Come già esplicitato nelle circolari di questa Direzione del 30 marzo 2010 relativa
allecontrazioni dell’orario scolastico e del 9 giugno 2010 relativa al calendario scolastico,
costituisce vincolo insuperabile il monte ore annuo del piano di studi destinato alle
aree esperenziali, gruppi disciplinari/discipline. Poiché la formulazione attuale degli
ordinamenti vigenti è diversa, per monte orario annuo dei piani di studio si intende quello già
presente oppure quello settimanale moltiplicato per 33 settimane. In entrambi i casi, da
sempre e quindi a prescindere dalla riforma delle scuole superiori, l’unità di riferimento è l’ora
(pertanto pari a 60 minuti). La formulazione dell’orario settimanale è basata su scelta sia
dell’articolazione delle lezioni/attività (in modo che ci sia una distribuzione giornaliera più
perequata possibile), sia dalla durata dell’unità di lezione.
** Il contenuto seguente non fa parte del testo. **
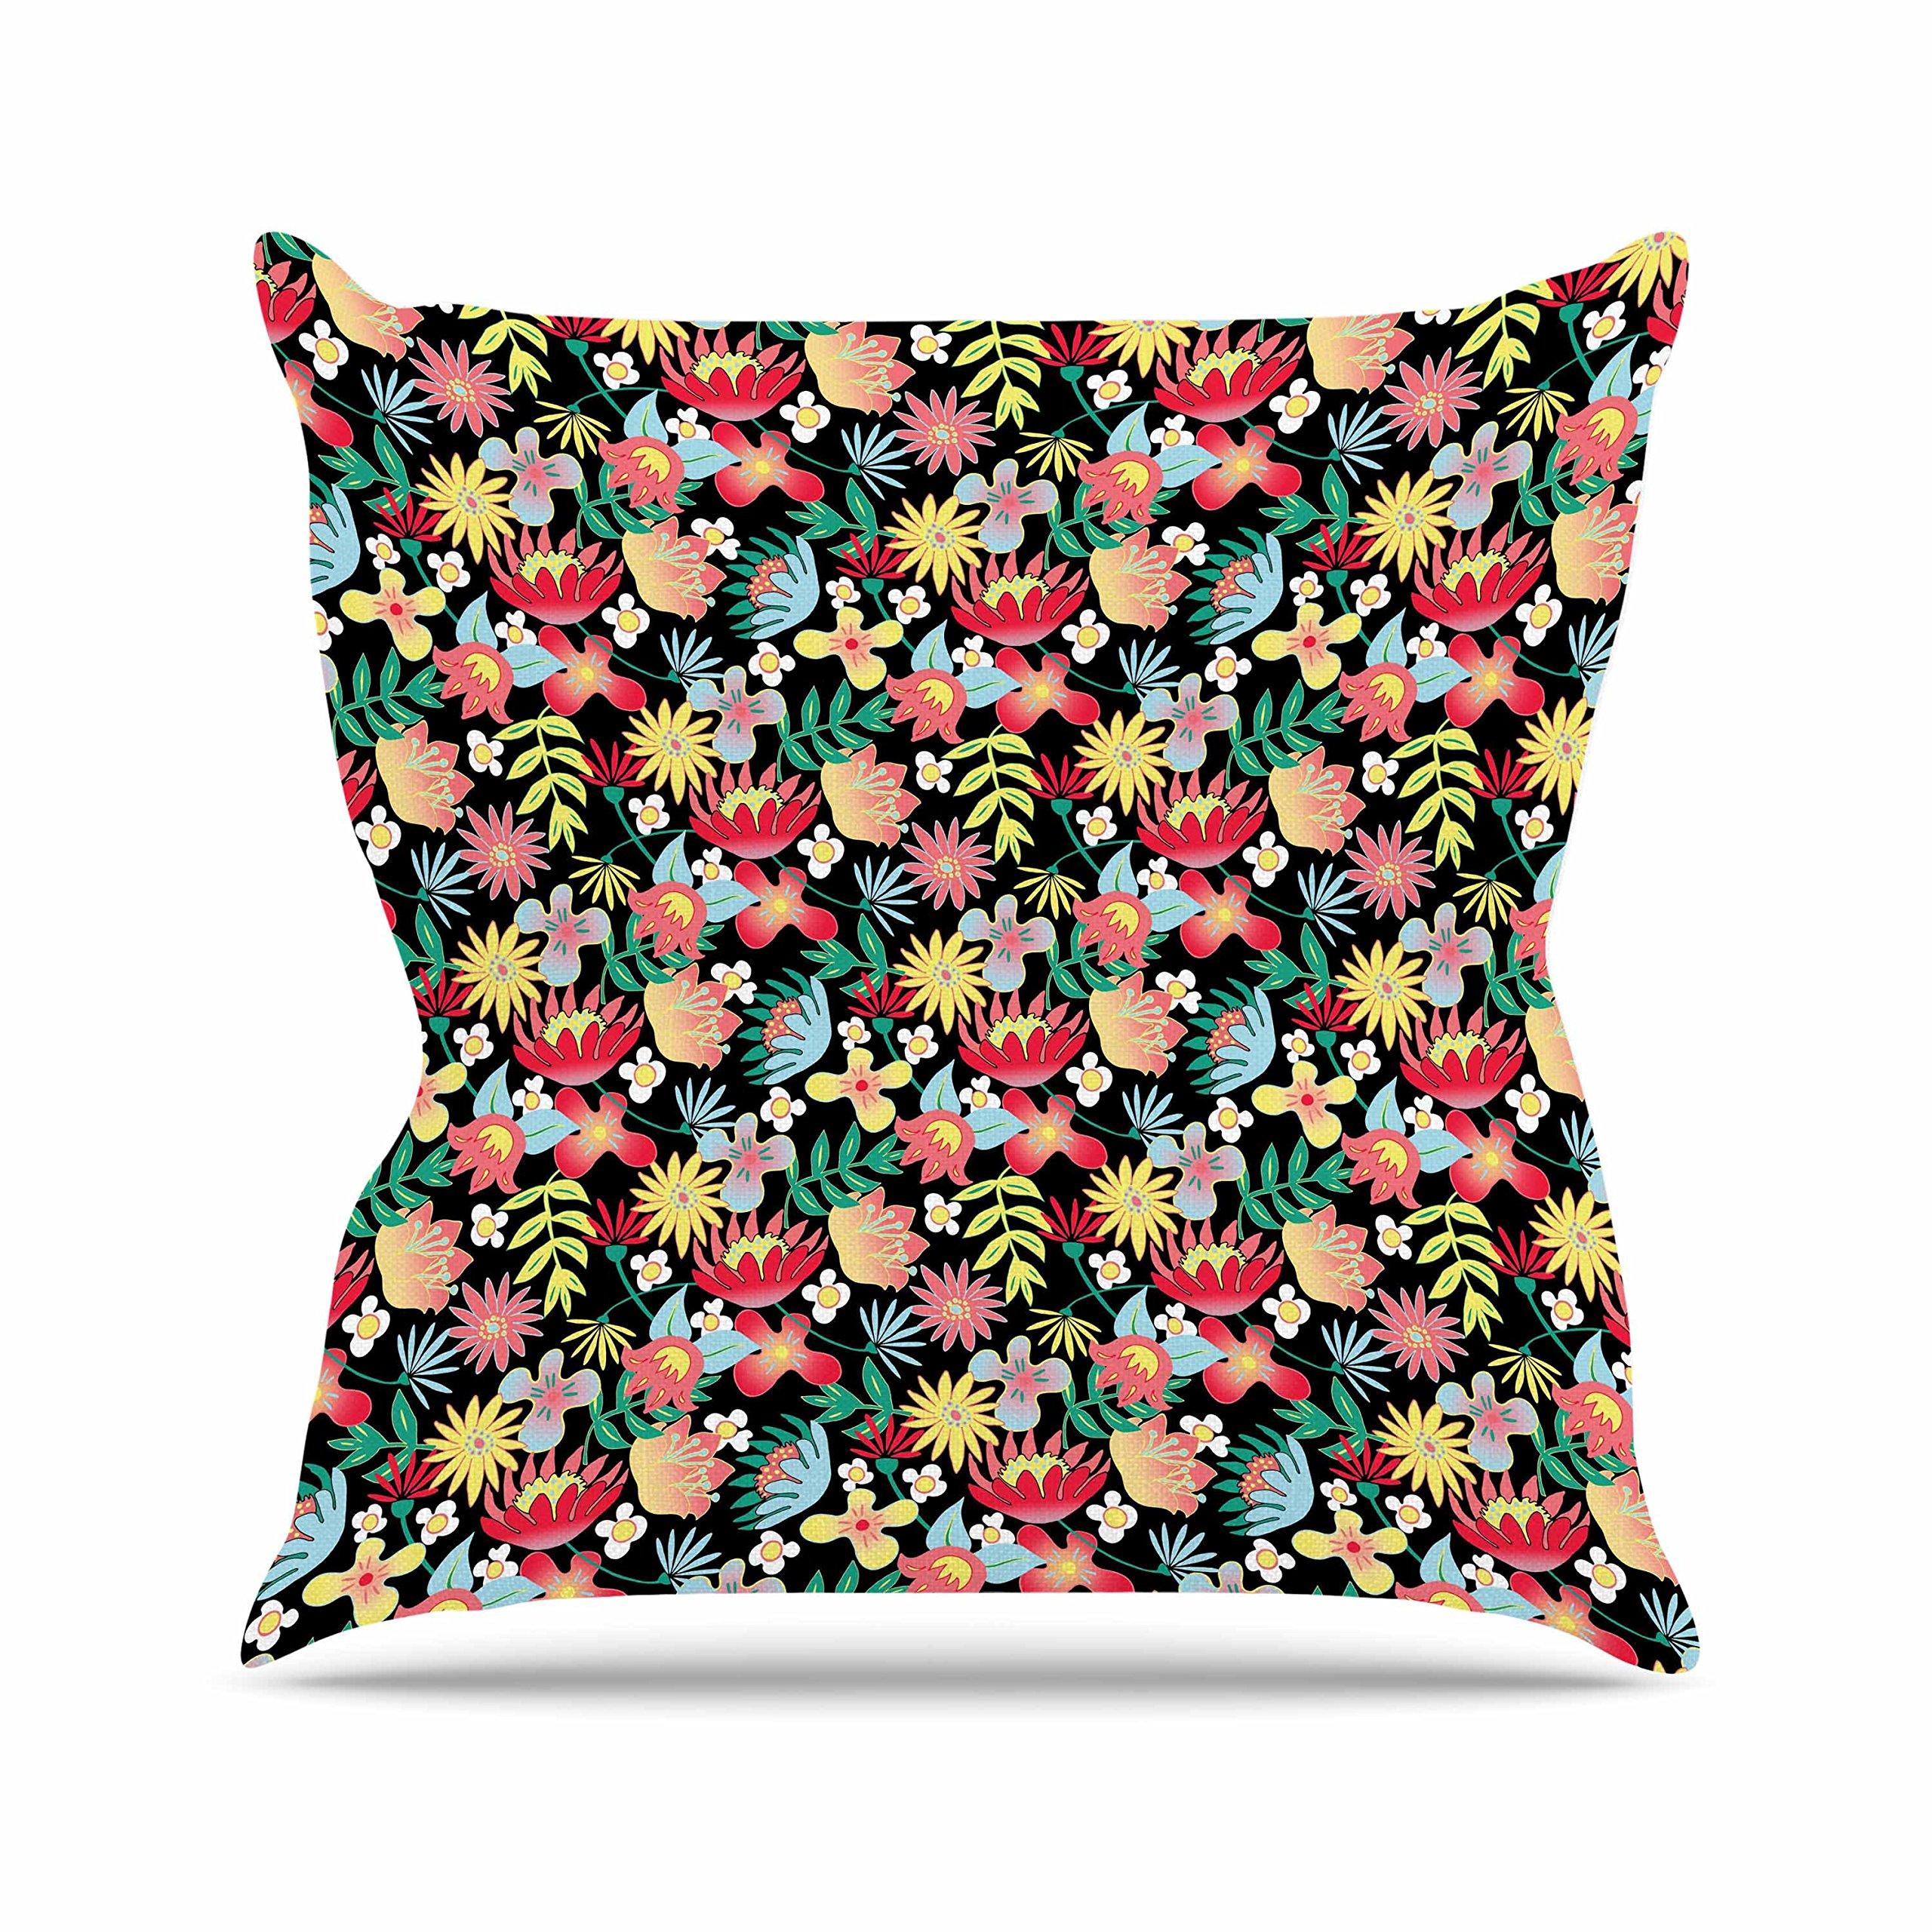 Kess InHouse DLKG Design Flower Power Gold Black Outdoor Throw Pillow, 18'' x 18''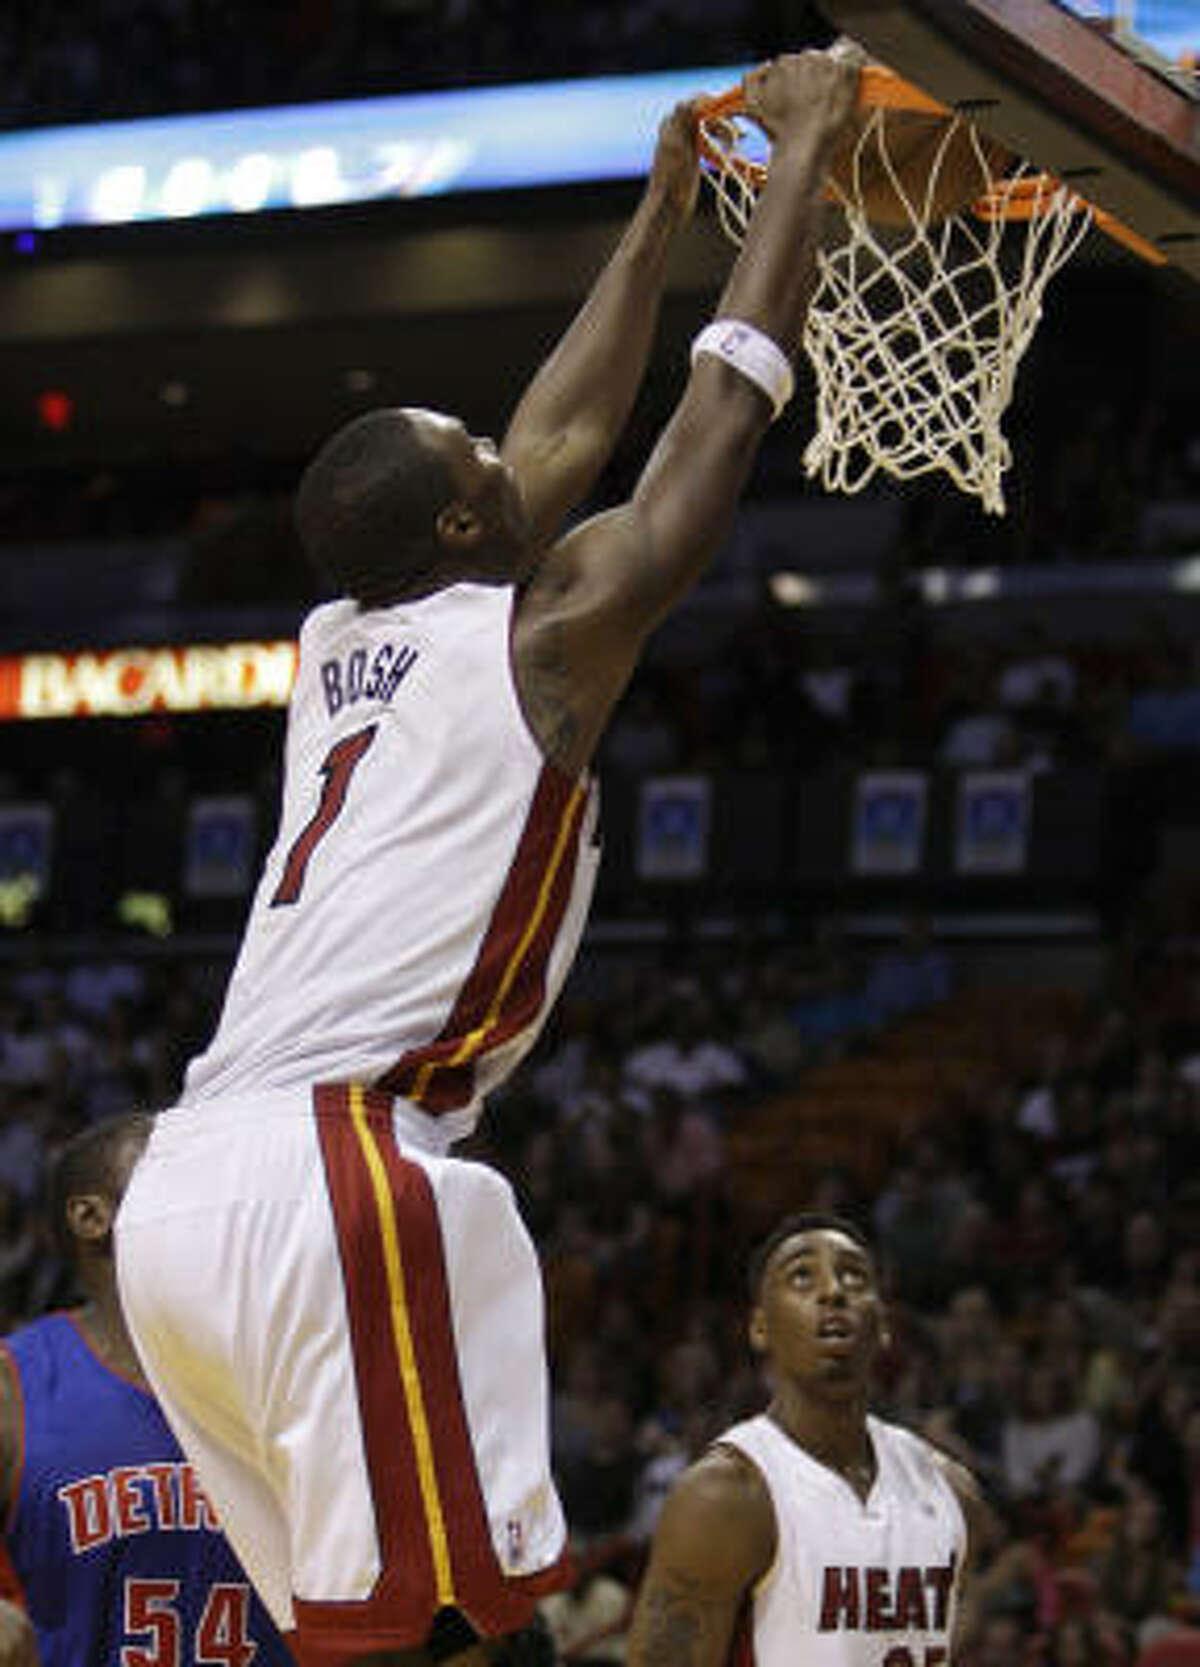 Heat power forward Chris Bosh dunks during the second quarter.

Dal dibattito riferito dalla stampa parrebbe non essere ancora consolidata la concezione che
attengono all’autonomia della scuola sia la scelta dell’offerta formativa curricolare sia la durata
della singola lezione.
Tutto ciò, fermo restando che l’adozione nell’ambito dell’offerta formativa, di unità di
insegnamento non coincidenti con l’unità oraria non può ridurre l’orario obbligatorio annuale
(definito in base al monte orario annuale ed all’applicazione delle quote di autonomia) attuato
nel calendario scolastico con la previsione del recupero anche delle eventuali residue frazioni di
tempo.
Rimane aperto lo spazio importante di ricerca educativa ed organizzativa relativo allo studio di
forme di didattica modulare, non basate su scansione settimanale, con possibilità di
concentrazione di alcune attività che richiedono intensità d’apprendimento o svolgimento
extra-scolastico. A tal proposito si ricorda che in base al C.C.N.L. del Comparto Scuola
l’orario d’insegnamento, anche in riferimento al completamento dell’orario
obbligatorio, può essere articolato sulla base della pianificazione annuale delle
attività e nelle forme previste dai vigenti ordinamenti, in maniera flessibile su base
plurisettimanale in misura, di norma, non eccedente le quattro ore.